Francis Bacon es la cumbre de ese periodo que se extiende hasta que el arte pop arrambla con cualquier manifestación donde los valores se muestren con cierto olor metafísico. Otro retratista. No es casual. Lucian Freud, a partir de los sesenta, comienza a pintar con tonos neutros retratos de familiares suyos, a menudo desnudos en posturas yacentes en camas deshechas, removidas, esos cuadros que le han hecho célebre quizá porque desvela, a pesar del misterio implícito en cada uno de sus lienzos, lo que de trascendente hay en la banalidad de lo cotidiano. En eso Lucian Freud no tuvo rival en aquellos años porque Francis Bacon, sin ir más lejos, nunca tocó el día a día, le era totalmente ajeno, extraño. Freud, por el contrario, se muestra muy existencial en esos lienzos, una existencia del aquí y del ahora, en plena concordancia con la moda intelectual surgida en Francia al amparo de Sartre y Camus, y donde la carne se manifestaba en toda su rotundidad casi de manera agresiva pero con un fondo de melancolía inquietante por la intensidad en que la carne reflejaba una fugacidad que contenía ya en sí la putrefacción, la muerte. Son los cuadros que le hicieron famoso pero también donde su arte consiguió la plenitud. Luego vinieron otras cosas, quizá más ligadas al ruido que se consigue con la fama, como por ejemplo el retrato de la reina Isabel, tan criticado por los que no se habían detenido siquiera a indagar sobre su arte, o el de la modelo Kate Moss, que no se encuentra entre lo mejor de su obra, y aunque él se refugiaba en sus animales, pintó caballos a montones, sobre todo los de la escuela de Darlington, que él montaba, no llegó nunca a lograr ese soplo metafísico de aquellos cuadros yacentes donde siempre, o casi siempre, colocaba un animal, gatos, perros, al modo en que los egipcios intuyeron lo que de totémico tenían estos animales.

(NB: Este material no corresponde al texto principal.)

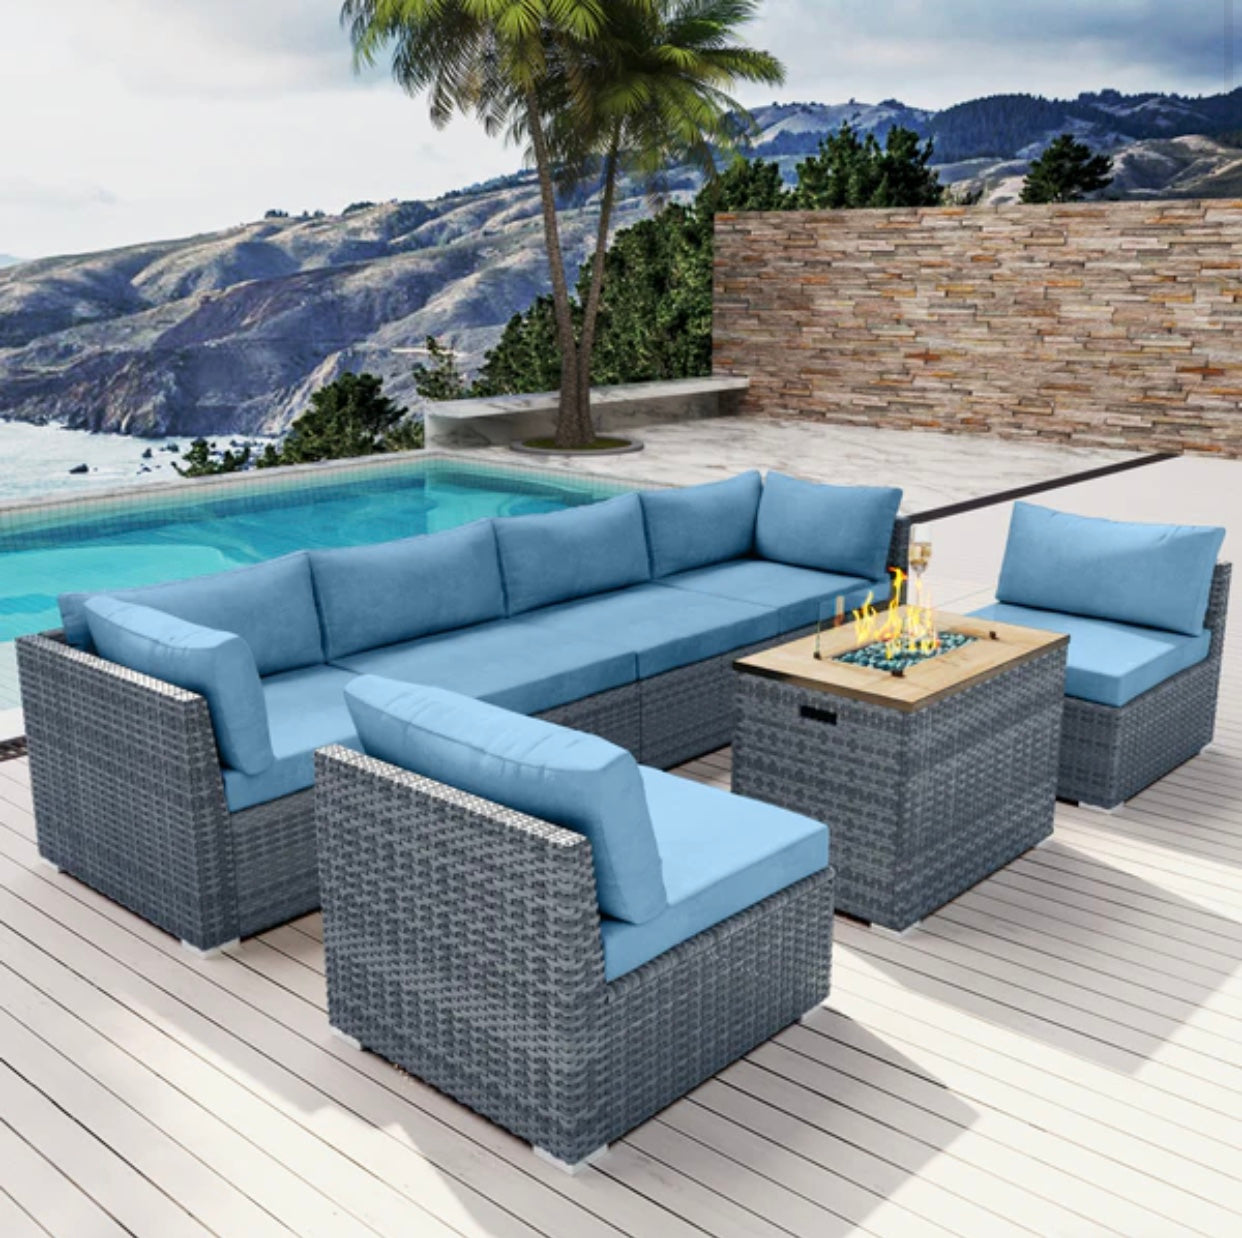 Blue 7 Seven piece Outdoor Patio Furniture with Propane Fire Pit Gray Wicker Santa Monica Beach
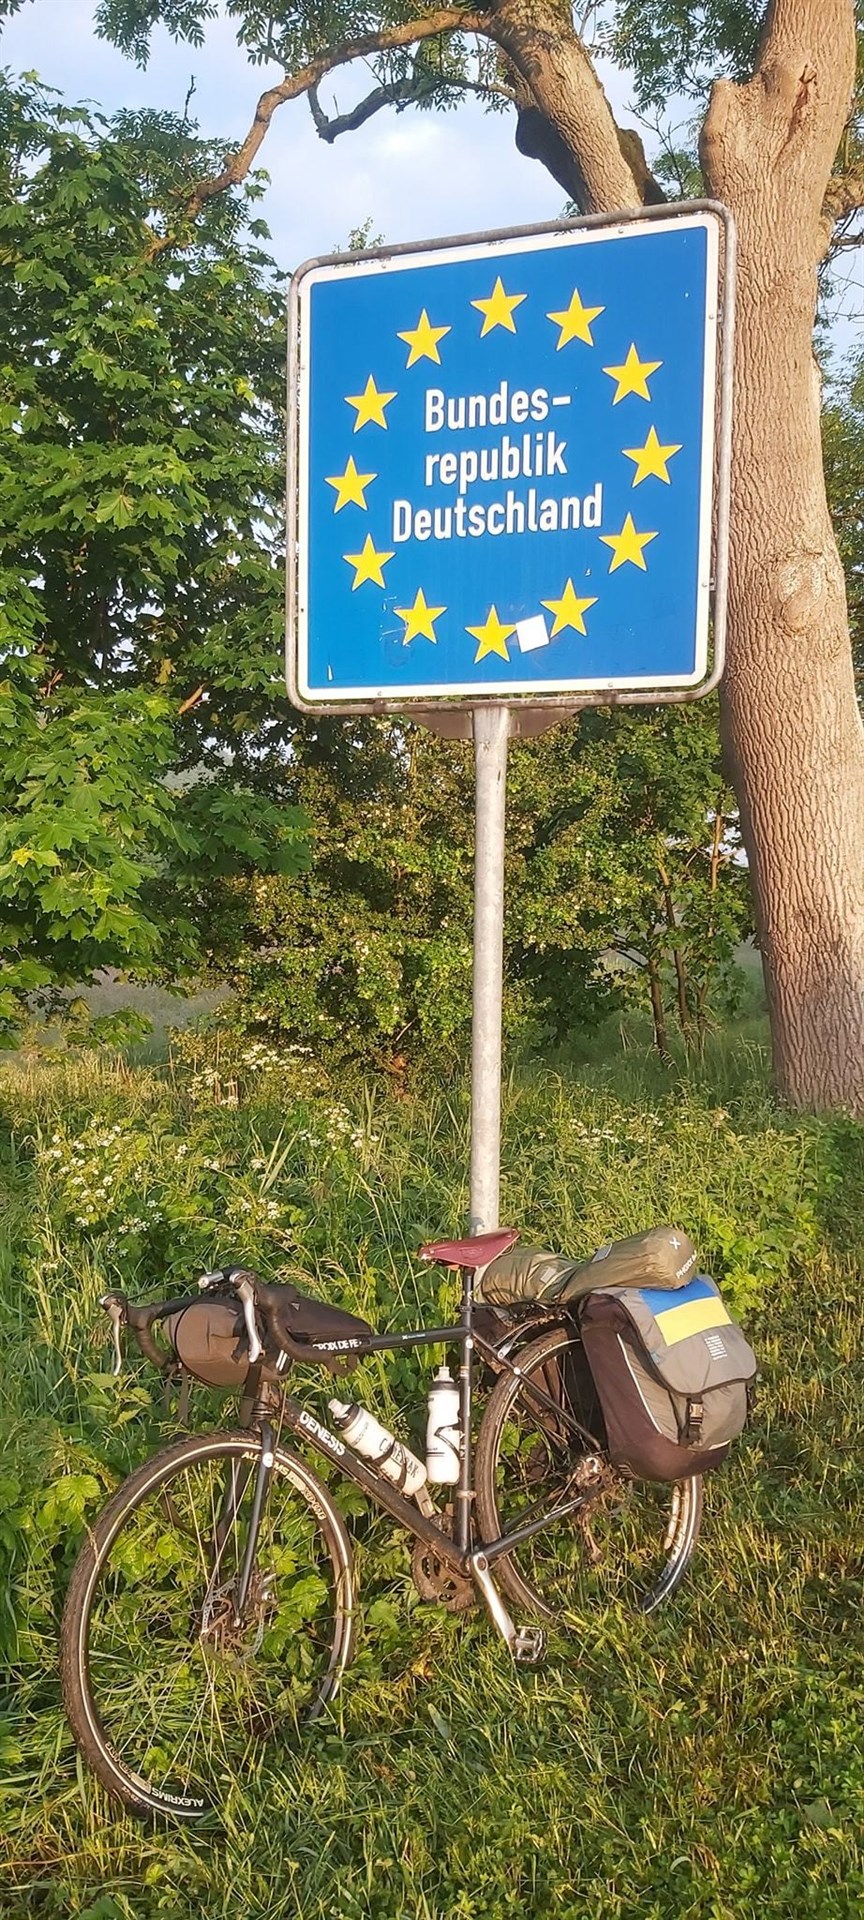 The Polish/German border.

En España poseemos alguna representación, escasa, de su obra, por otro lado, no muy prolífica. De los cinco con que cuenta nuestro país, cuatro pertenecen al Museo Thyssen Bornemisza, donde nos topamos con un retrato del barón bastante notable. Ahora, en el momento de enterarme de su muerte discreta, yo, que siempre gusté de sus desnudos yacentes en posturas inverosímiles, pienso en él haciendo realidad aquel poema de Mallarmé: “La carne es triste, ay, y yo he leído todos los libros…” Lucian Freud pertenecía a esa estirpe. Sin duda.